Input records:
※ ※ ※
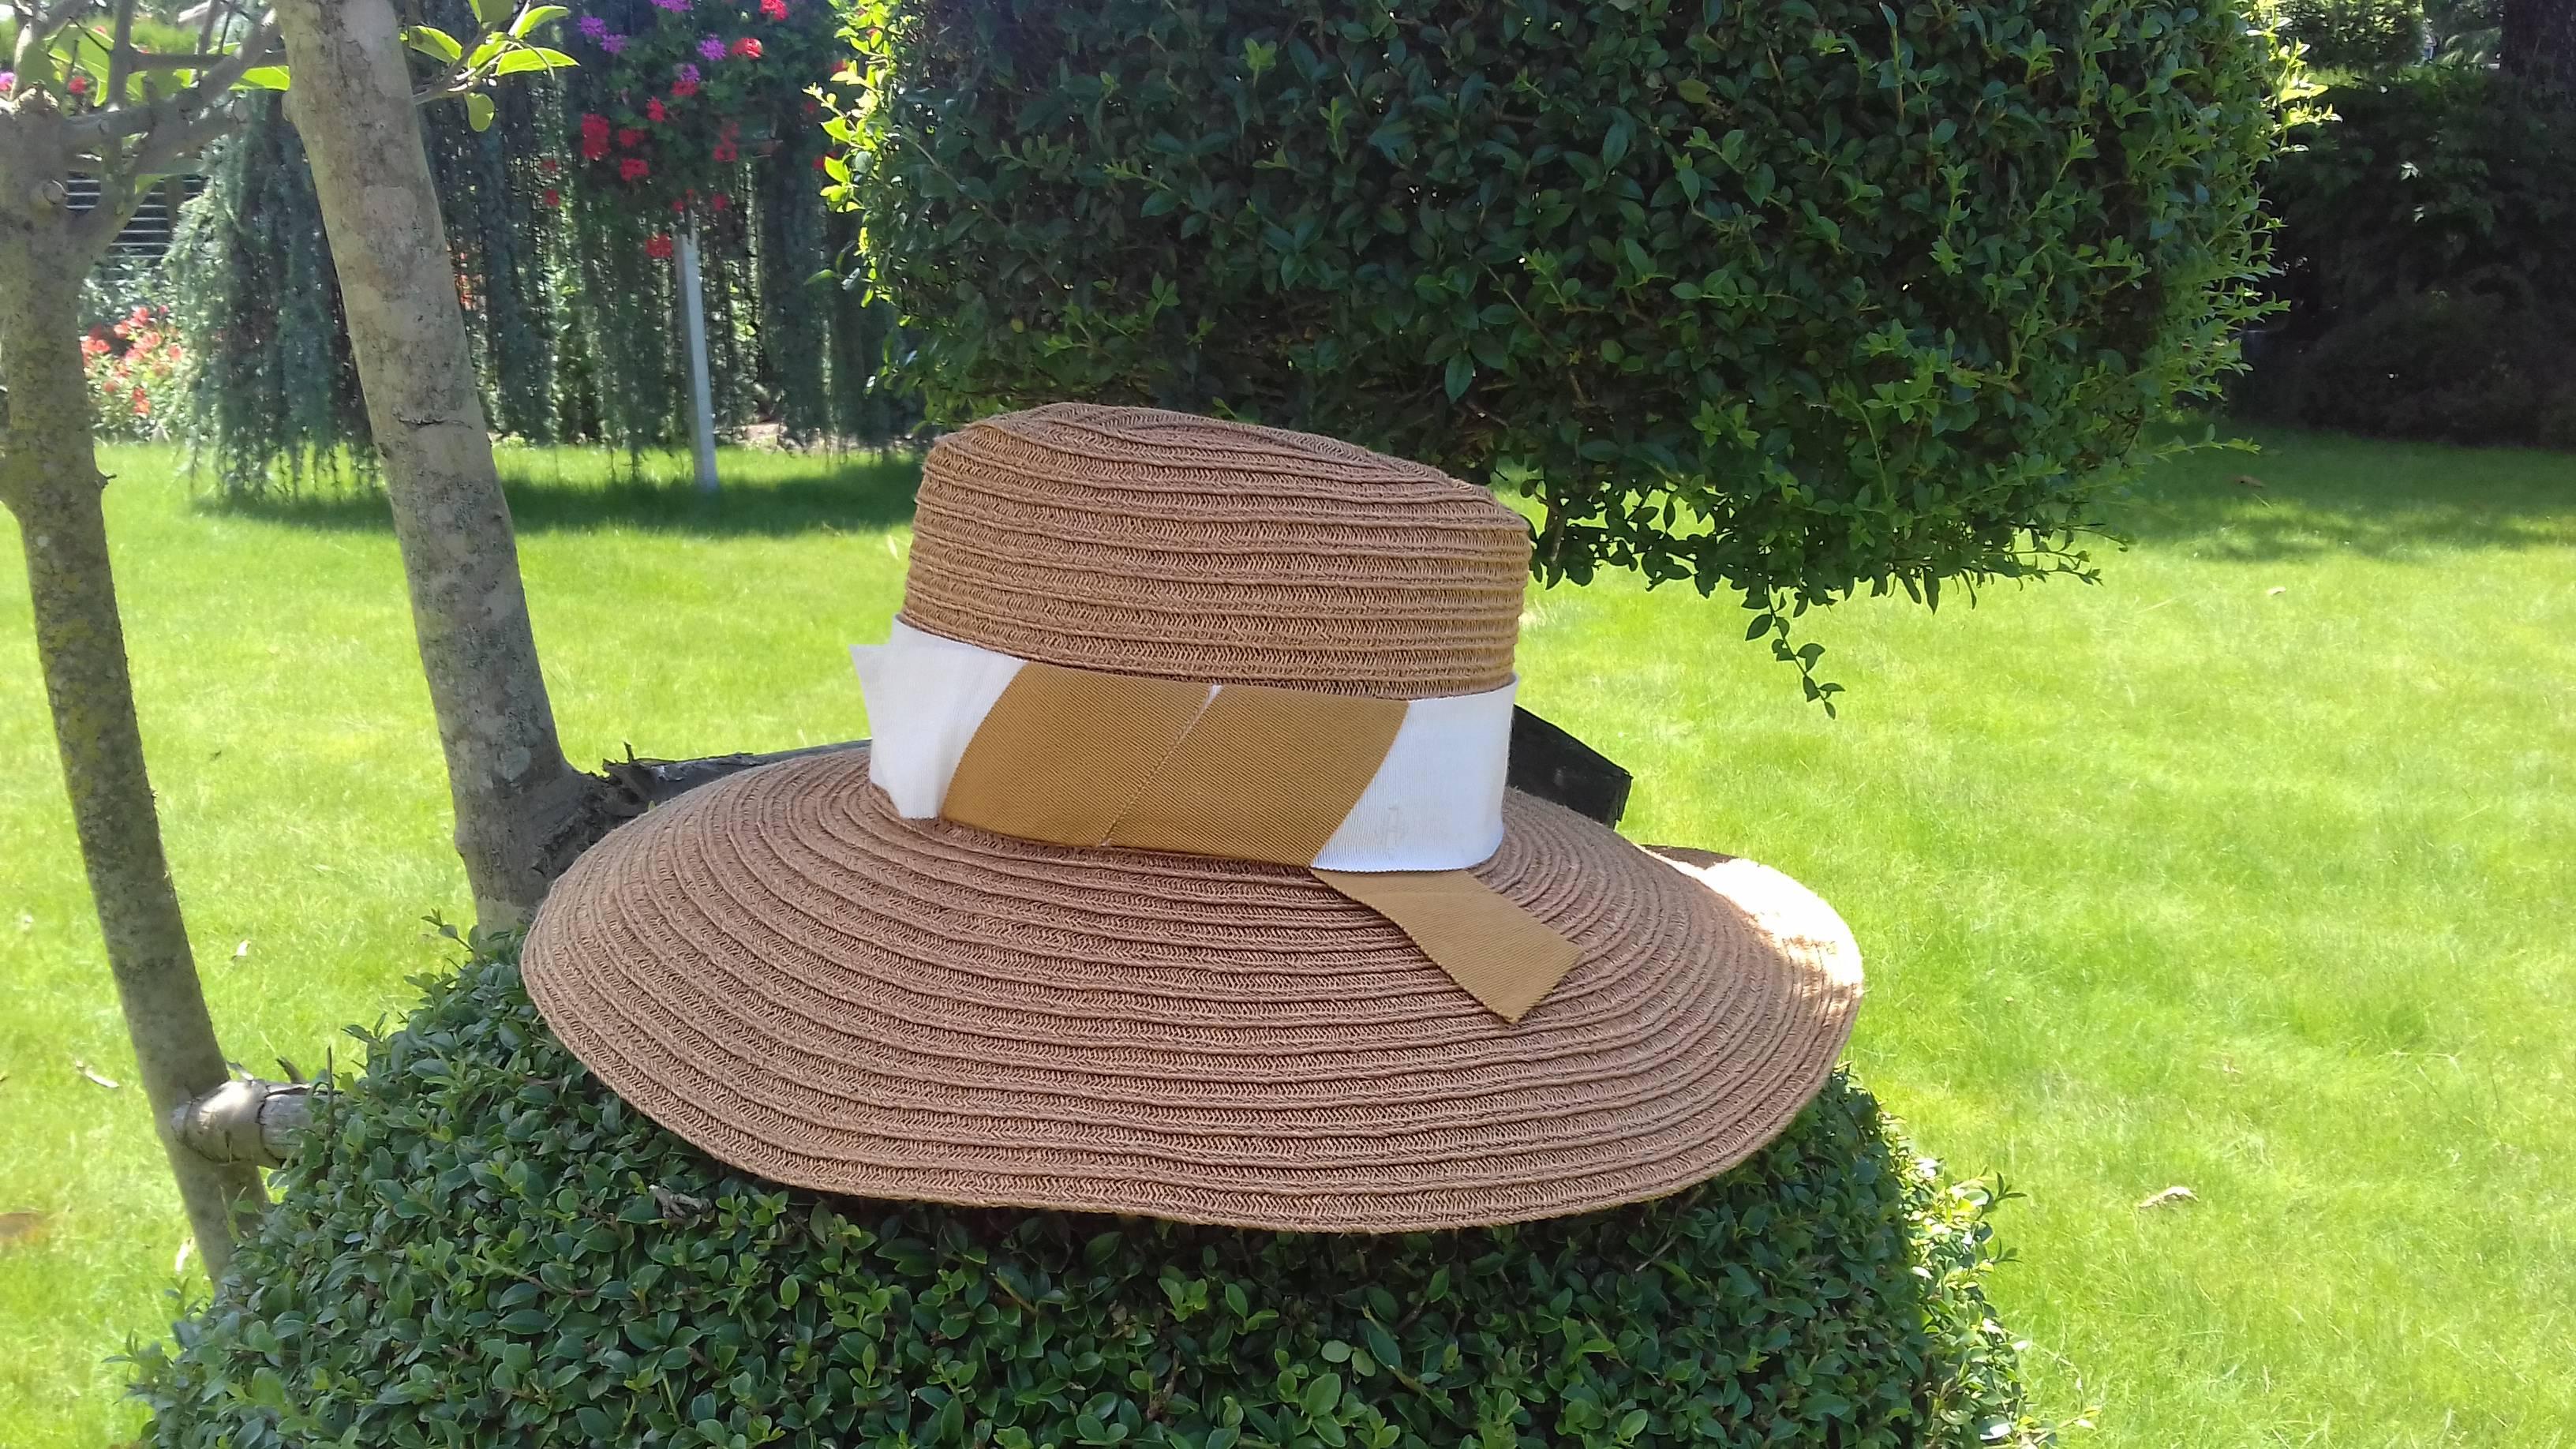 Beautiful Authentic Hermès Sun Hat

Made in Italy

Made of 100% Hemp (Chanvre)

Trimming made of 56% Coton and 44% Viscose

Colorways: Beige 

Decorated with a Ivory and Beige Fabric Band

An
※ ※ ※
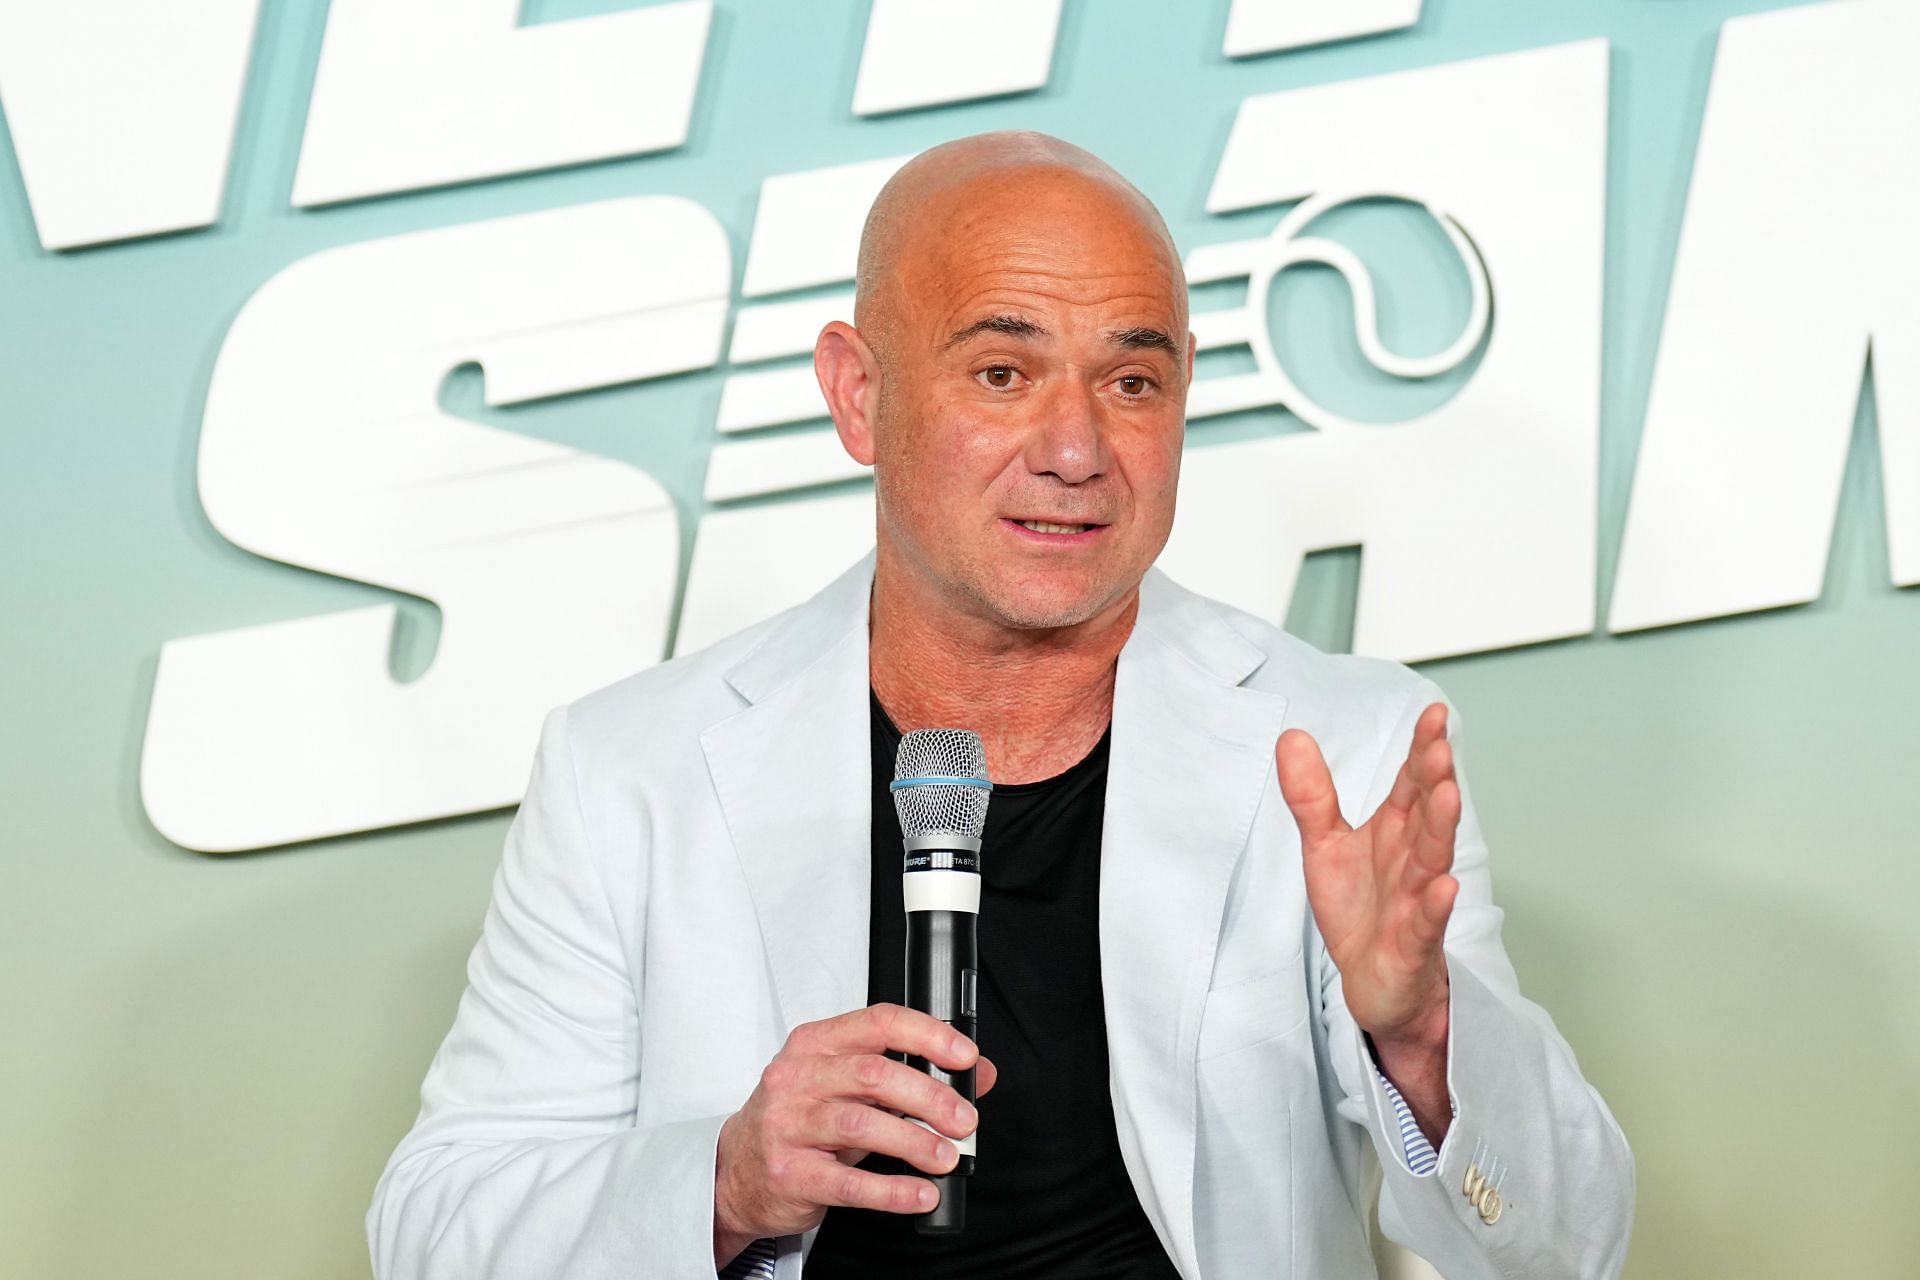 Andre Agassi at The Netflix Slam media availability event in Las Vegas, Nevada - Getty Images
※ ※ ※
Your instructions: Using the records above, pull out each line where the word "Beige" occurs.

Expected output:
Colorways: Beige 
Decorated with a Ivory and Beige Fabric Band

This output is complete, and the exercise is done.